Exercise requirements.
All of the data, word for word and free of pictures, is the expected result.

Stored data.

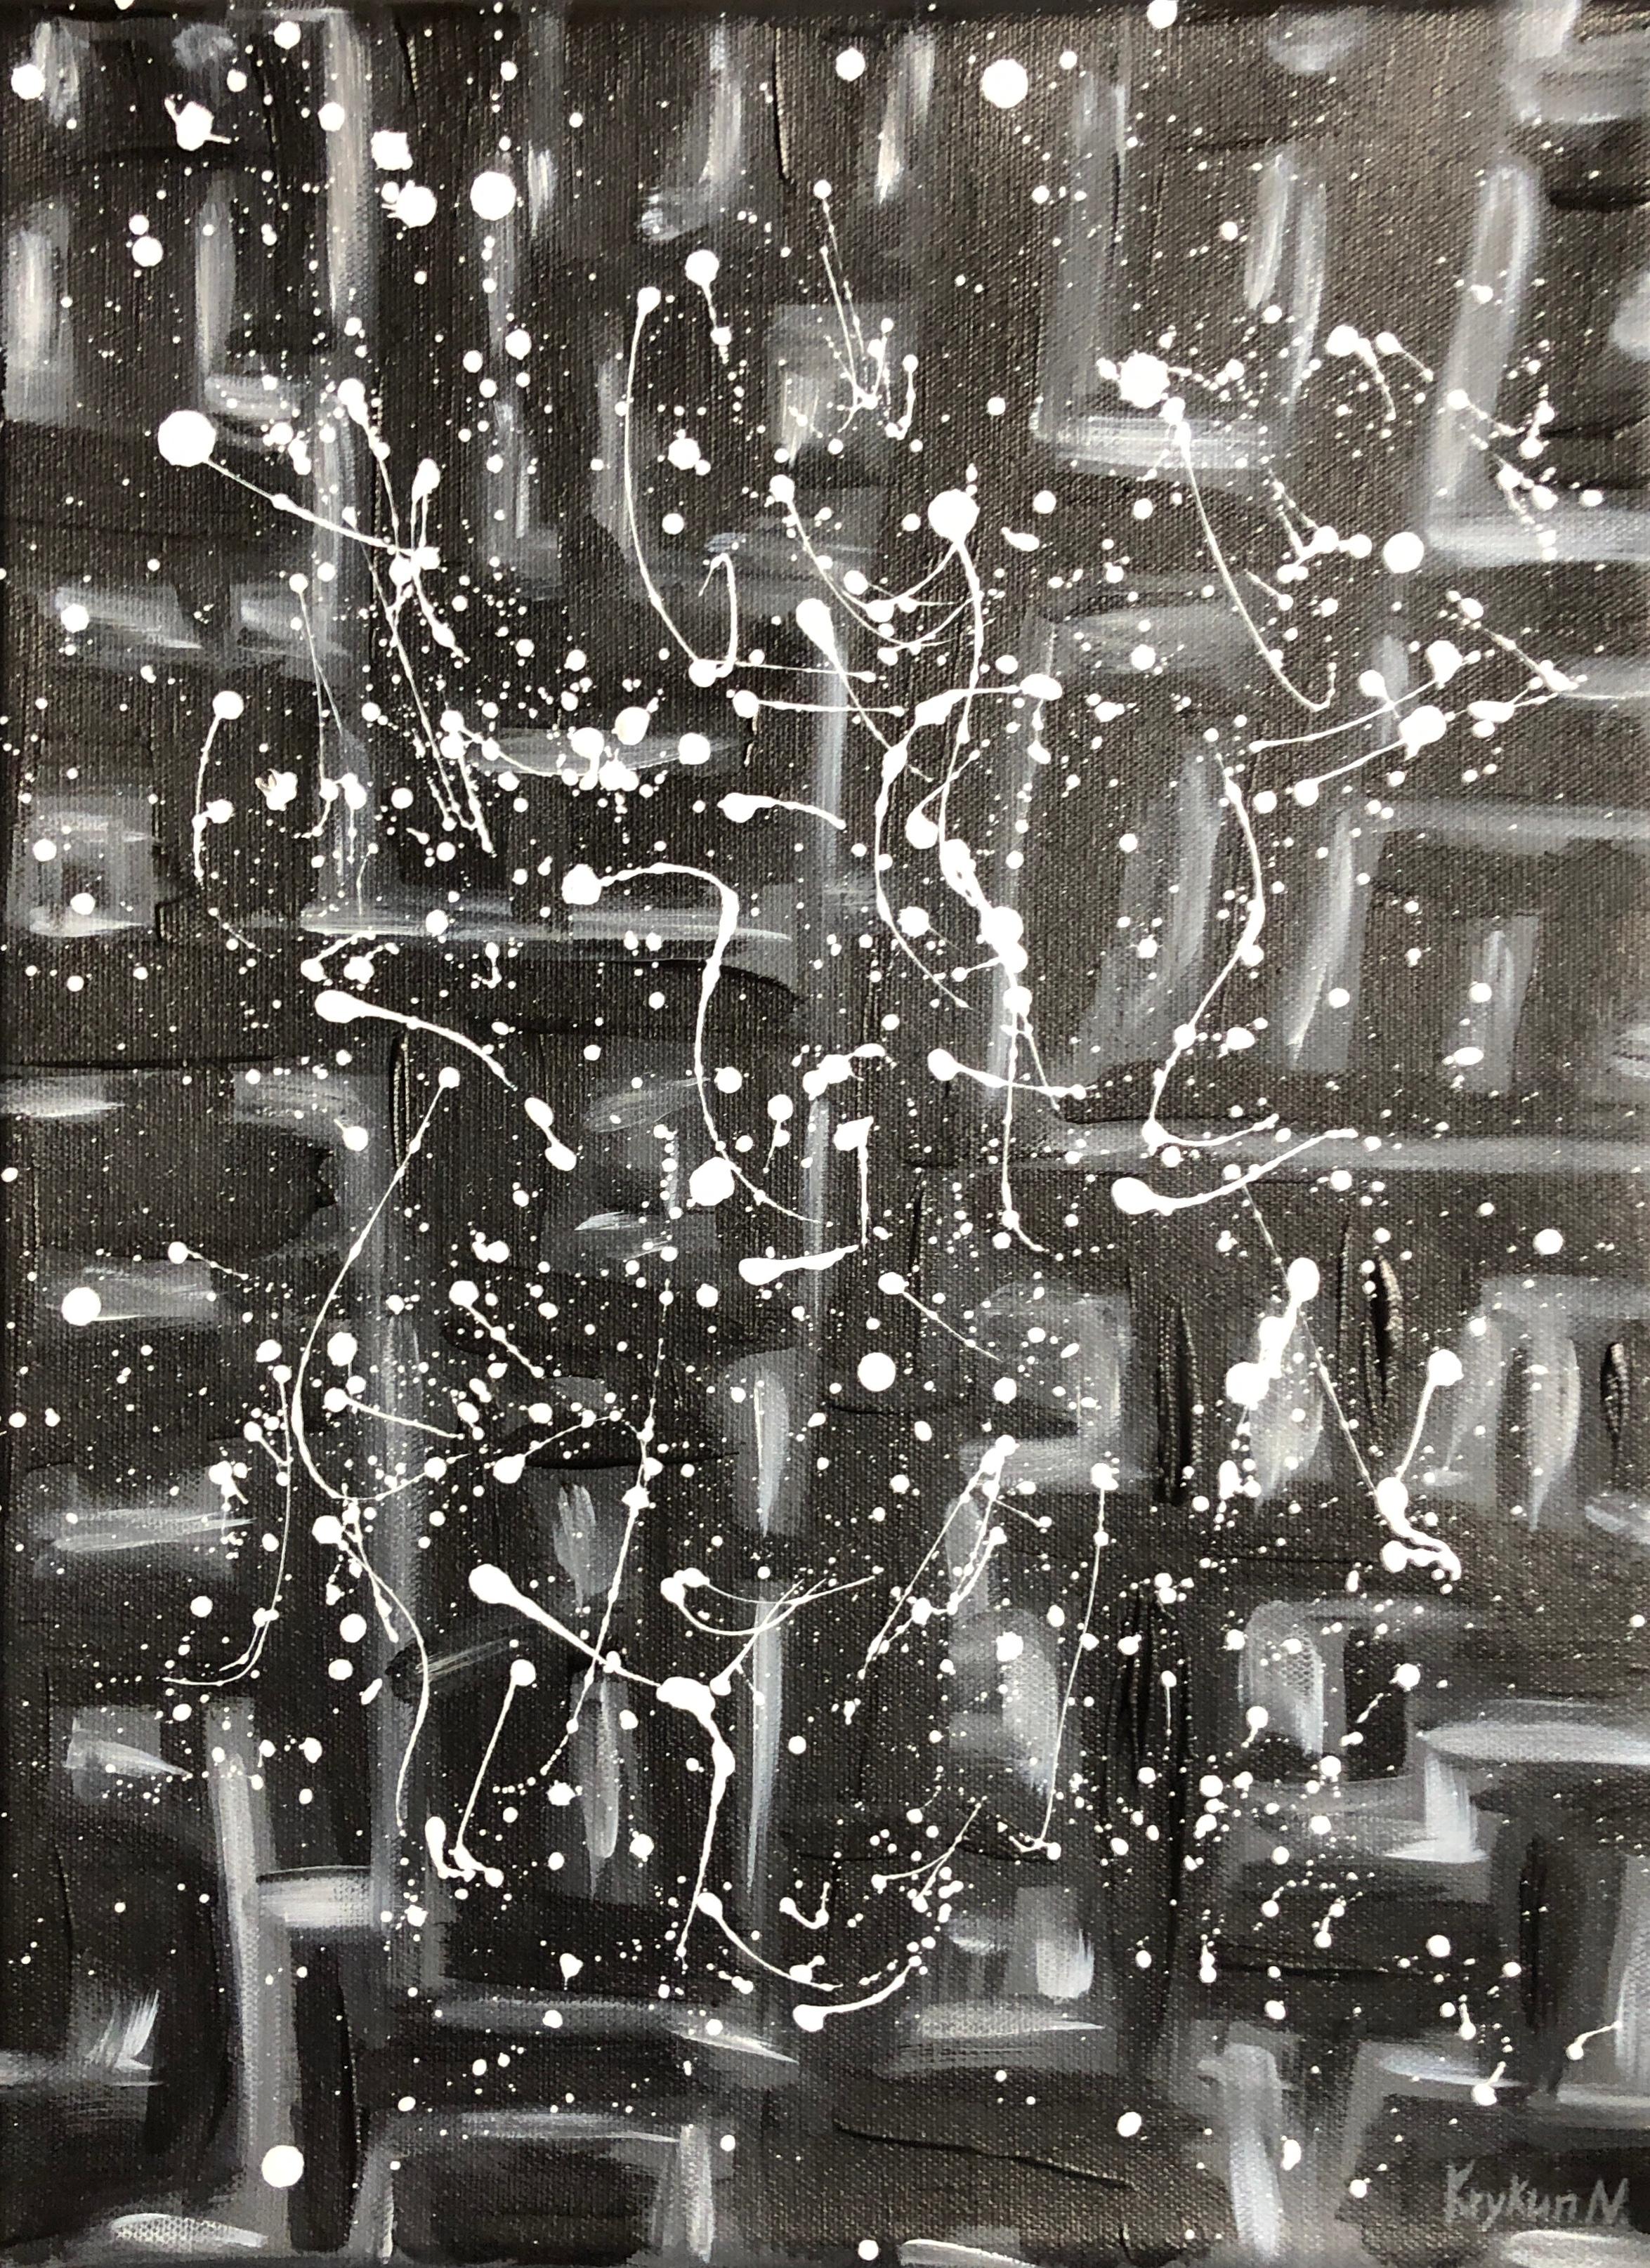 “Starry sky“ black and white abstraction dropping Pop Art
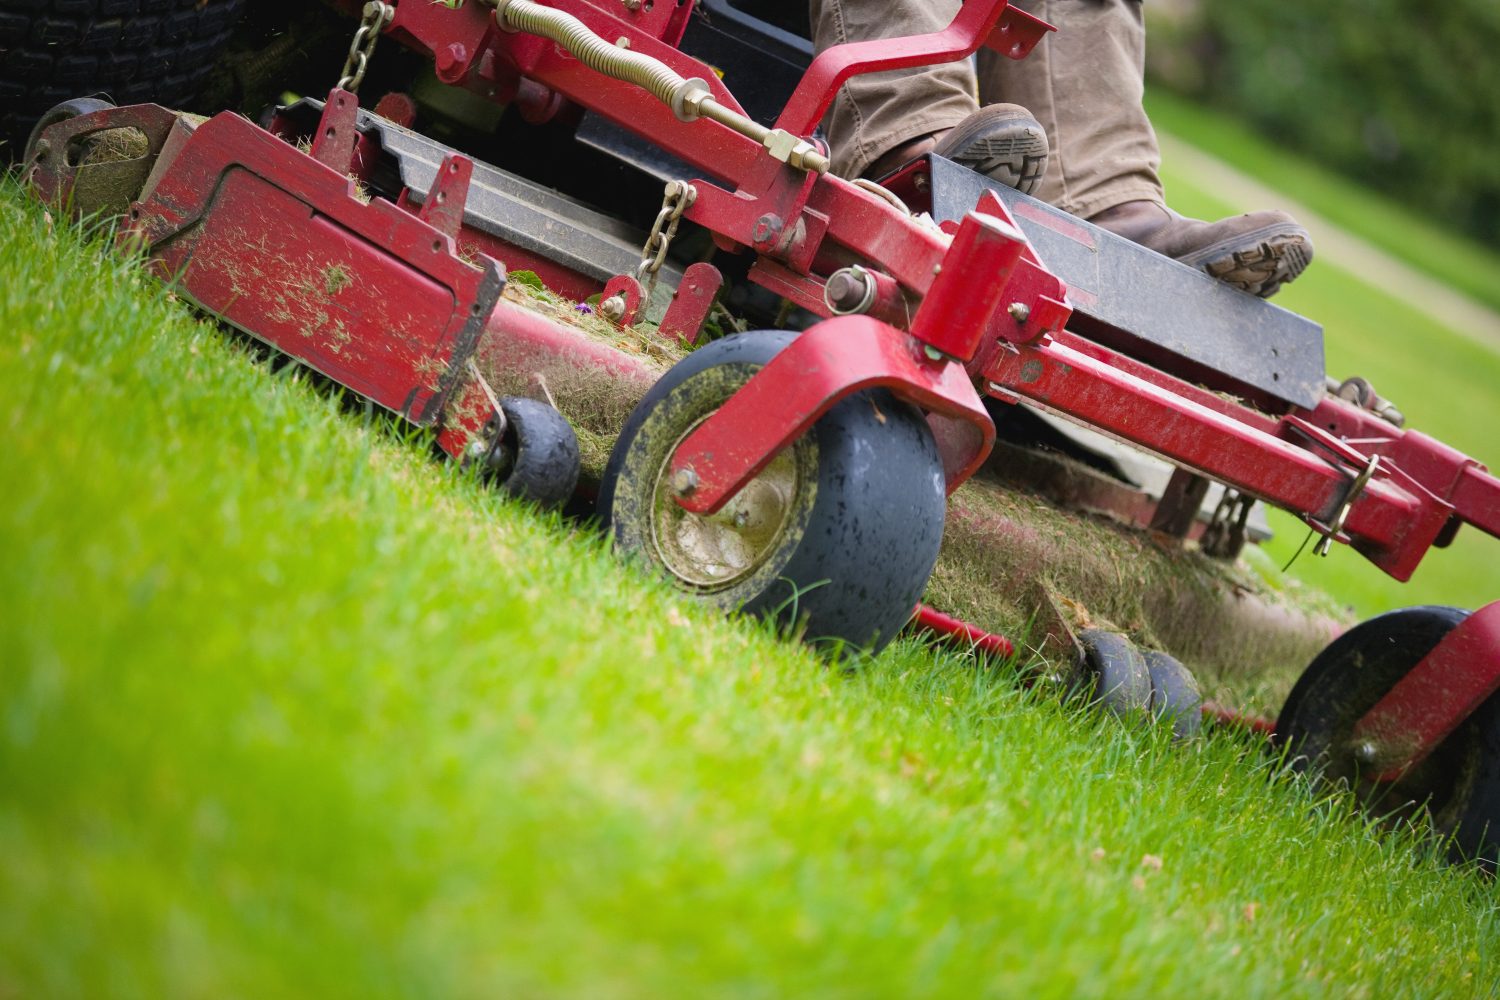 Spring lawn equipment: Keep safety in mind with these tips
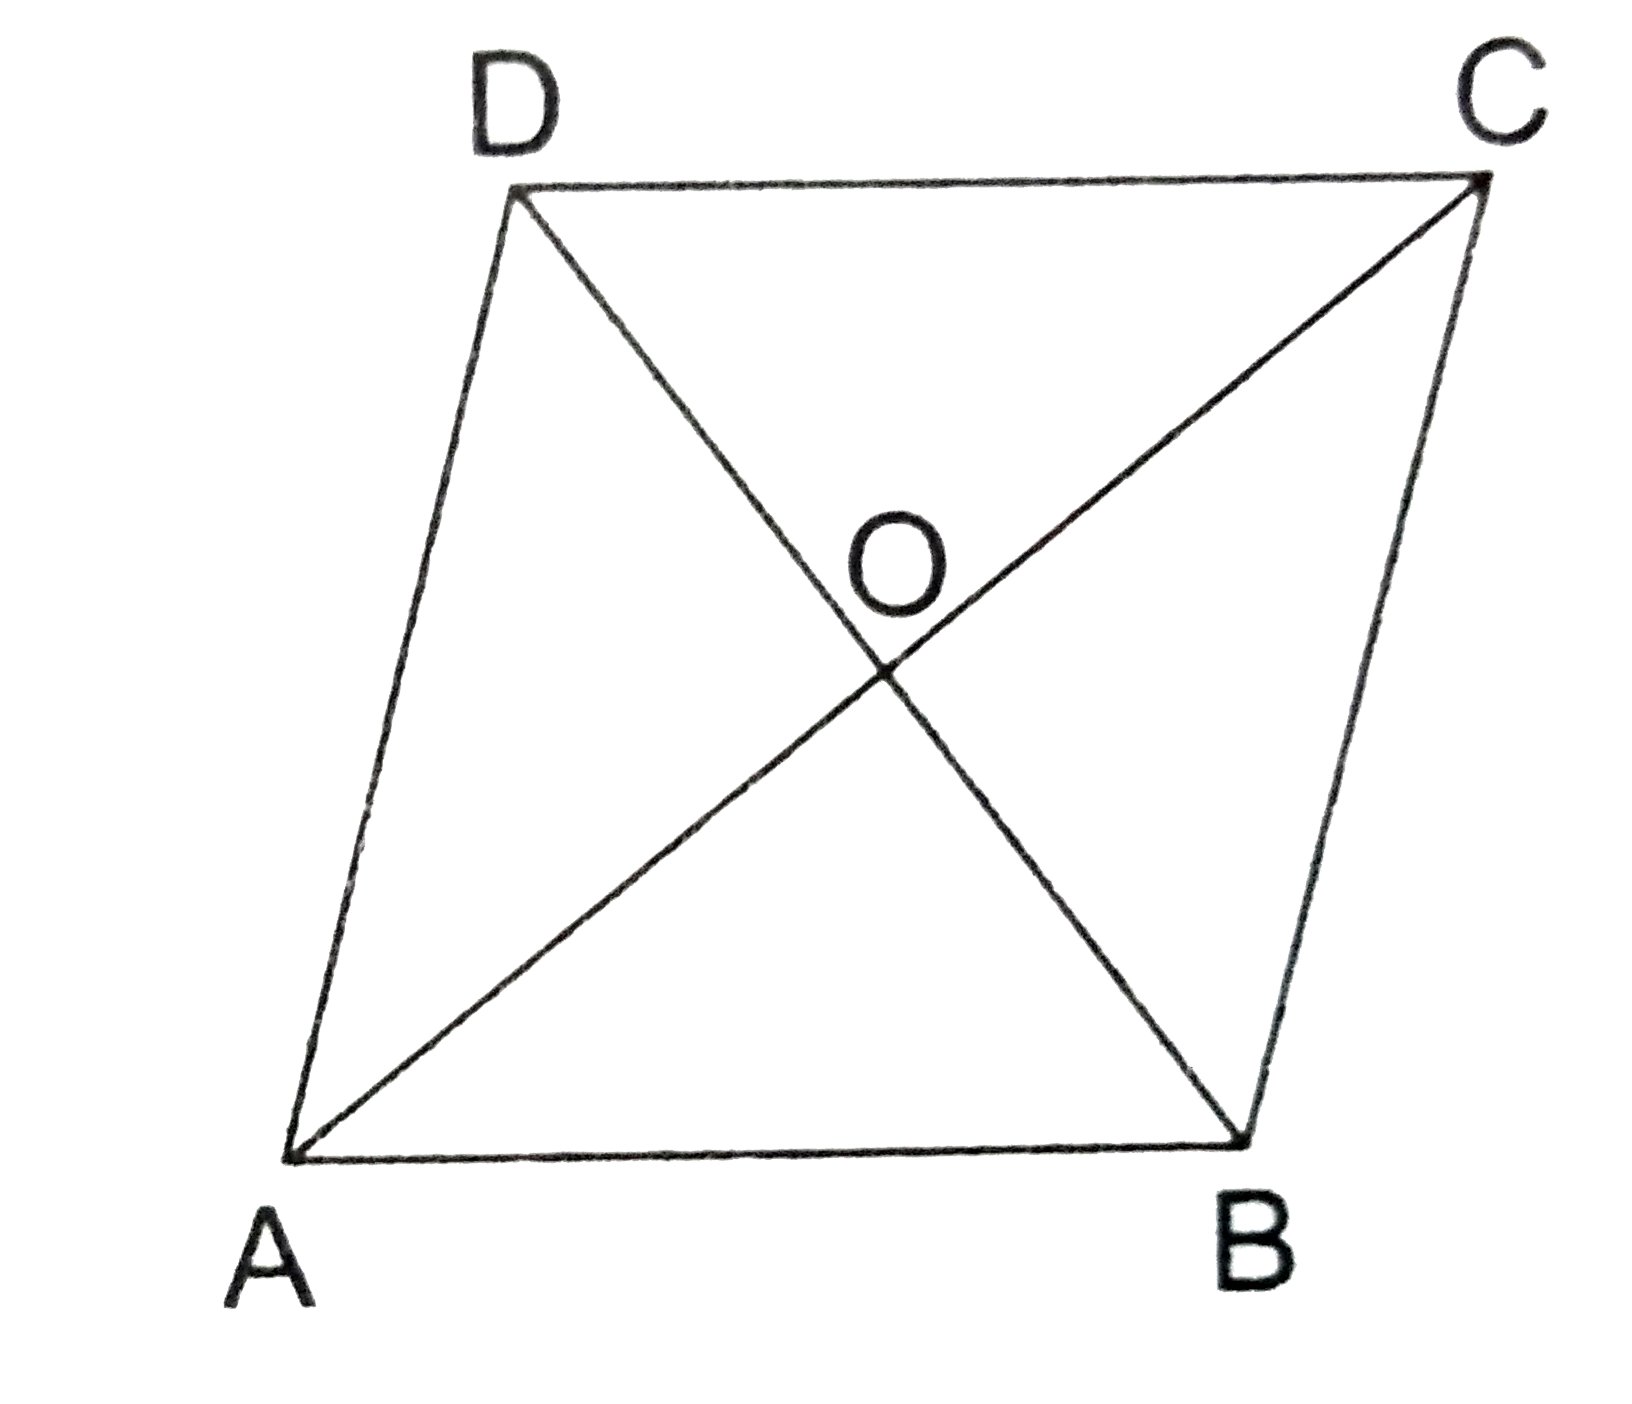 In the given figure, ABCD is a rhombus. Then,

Answer box.
 “Starry sky“ black and white abstraction dropping Pop Art
 Spring lawn equipment: Keep safety in mind with these tips
 In the given figure, ABCD is a rhombus. Then,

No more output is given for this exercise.